The Long Game - The Golden Walls of an Empty Room

Aug 07, 2010 05:28

Ah, The Long Game. I actually like this episode, unlike a lot of people. The Adam arc, for example, is such a brilliant set-up and contrast to Rose's mistakes in the very next episode, Father's Day, for one thing. But I think most of these aspects have been covered by other rewatch posts, so I want to focus on something a bit different.

I think it's a brilliant commentary on our human society that, when posed the question of what happens on Floor 500, the answer was merely, "The walls are made of gold." This, to me, is not so different to the blinkered vision of present-day ambition. We always want to move up in the world, and we often don't even stop to think what that means. Just because, say, a job pays more, that doesn't mean it's necessarily superior, or that it will actually suit the person in question. For those people on Satellite Five, Floor 500 was seen as superior, but the walls of gold answer to what would seem like an obvious question suggests that no one really stopped to think why Floor 500 was supposed to be better. If people didn't even know what they'd be doing when they got up there, why strive for it? That's the way we're wired, I think. Give humans some competition with each other for some kind of superior position, and of course we want it. We can't seem to help ourselves, on the whole.

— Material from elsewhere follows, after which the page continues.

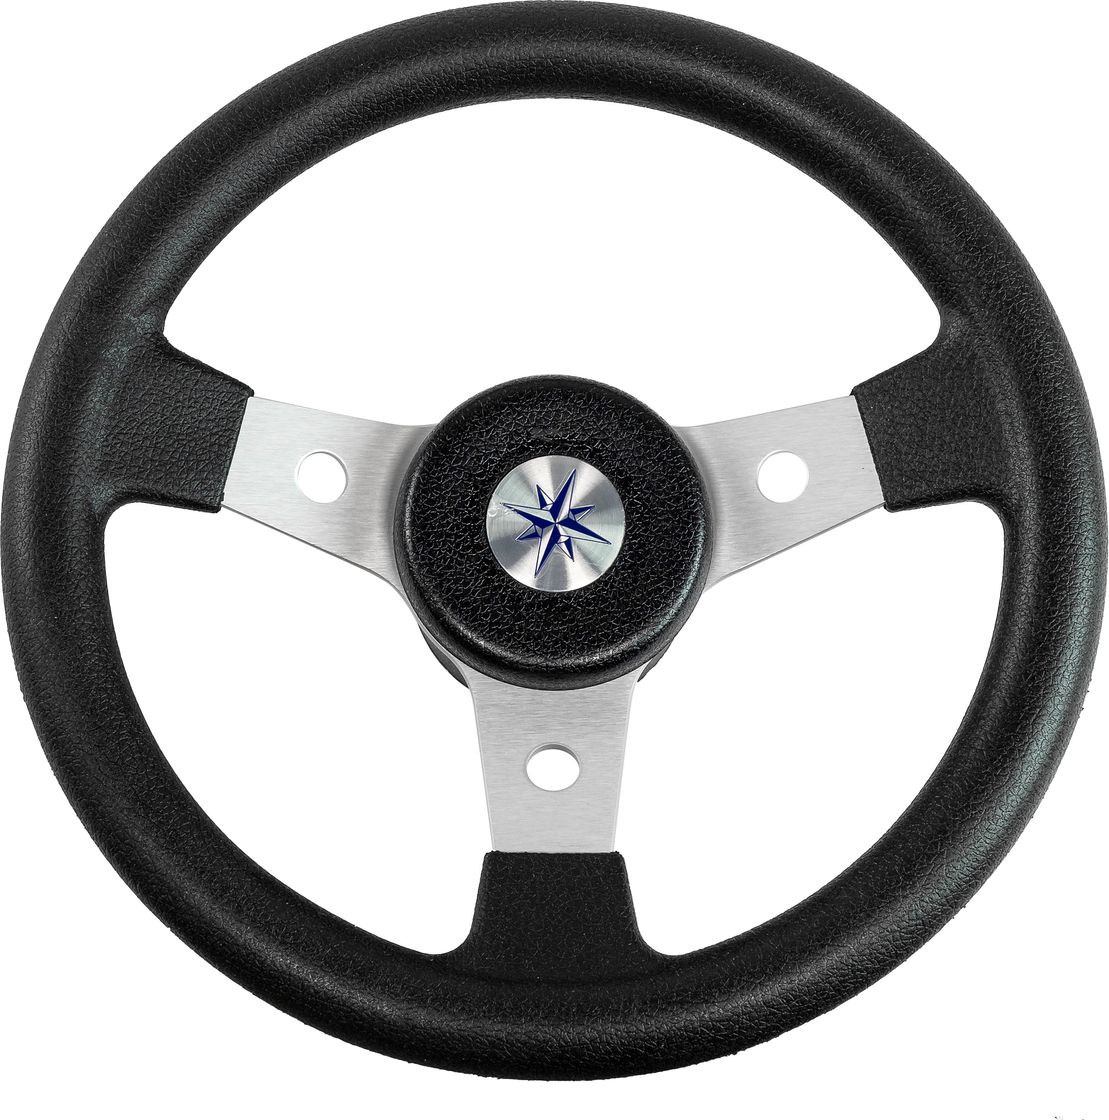 Рулевое колесо DELFINO обод черный,спицы серебряные д. 310 мм VN70103-01 рулевое колесо delfino обод спицы серебряные д 340 мм vn70401 01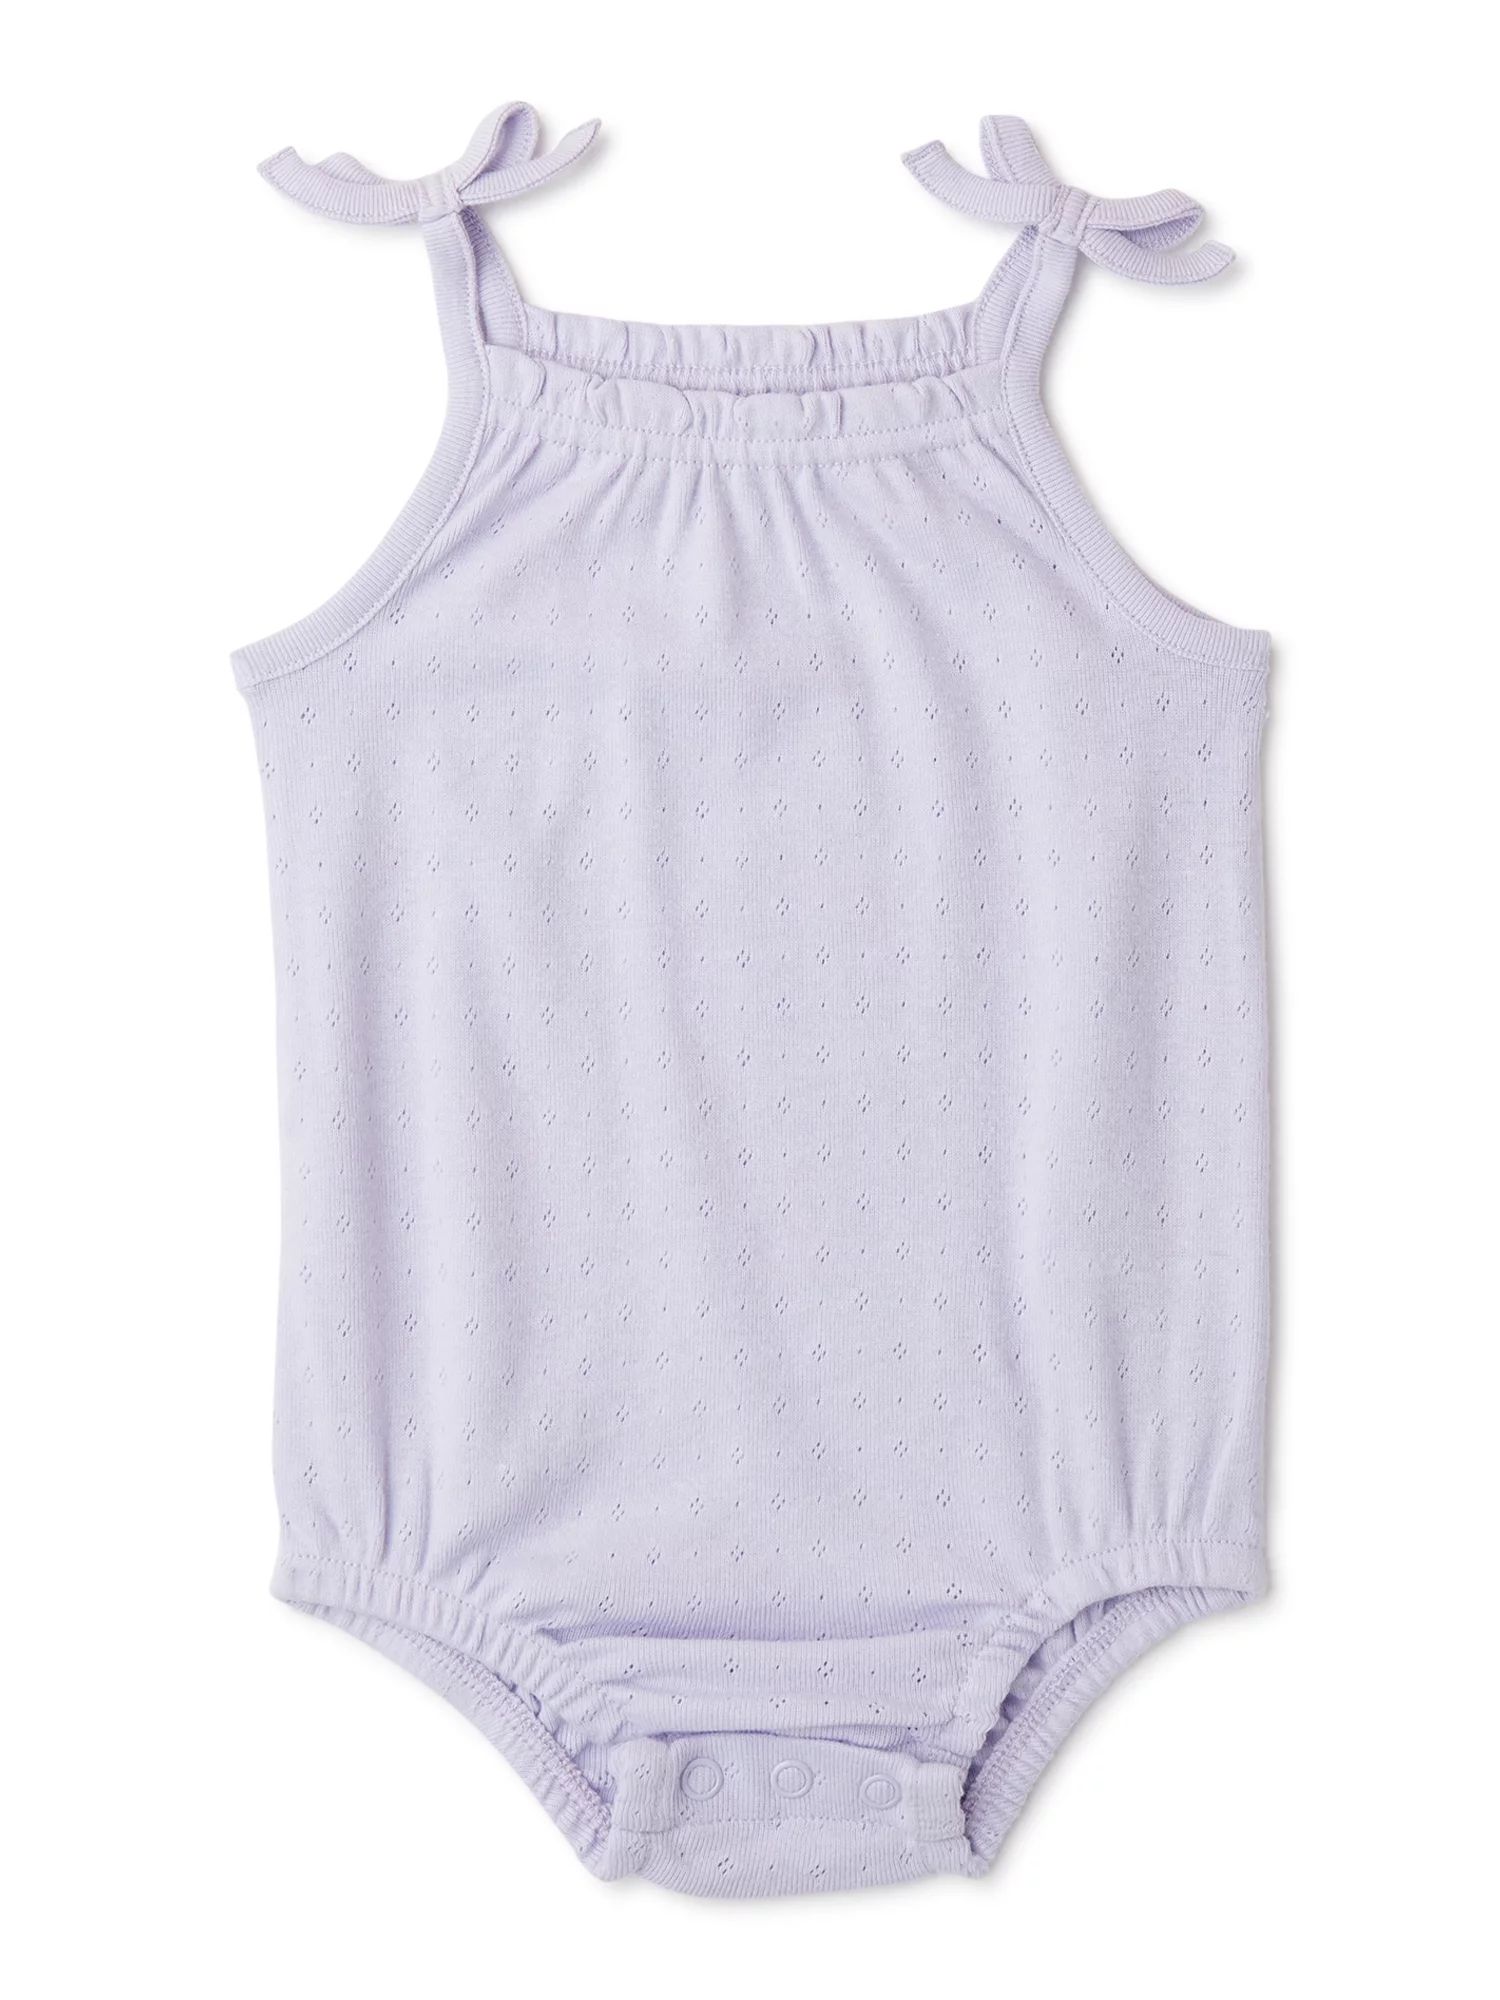 Garanimals Baby Girls Solid Camisole Bodysuit, Sizes 0 Months-24 Months - Walmart.com | Walmart (US)

"The walls are made of gold" line also reeks of a party line given out in an almost police-state sort of scenario. Satellite Five is structured so that people rarely leave their specific floors, yes. However, the way it's specifically said that "Once you go to Floor 500 you never come back" suggests to me that that's not quite the same of people who have to move to any other floor for some reason. There might be little movement between floors, but I doubt that there's none, considering Adam seemed free to wander about. As such, normally questions would arise about why the people who were promoted to Floor 500 were never seen again. I believe that the people must have been incredibly afraid to question the system, if being given such a flimsy sort of explanation of what Floor 500 was stopped them from doing anything about their concerns about what happened to the people up there. They were looking for a placating answer, and they got one. The idea that the world was verging on a police state is backed up by suggestions made during The Long Game that there was rioting and guerilla freedom groups down on the Earth below, as well as that security both on- and off-planet was particularly tight despite no one knowing why. It's a shame that we never really get to explore just how bad things had gone wrong up to this point; by the time 'Bad Wolf' revisits the issue, things have gone wrong in such a very different sort of way that the damage done during the Jagrafess era seems to no longer matter.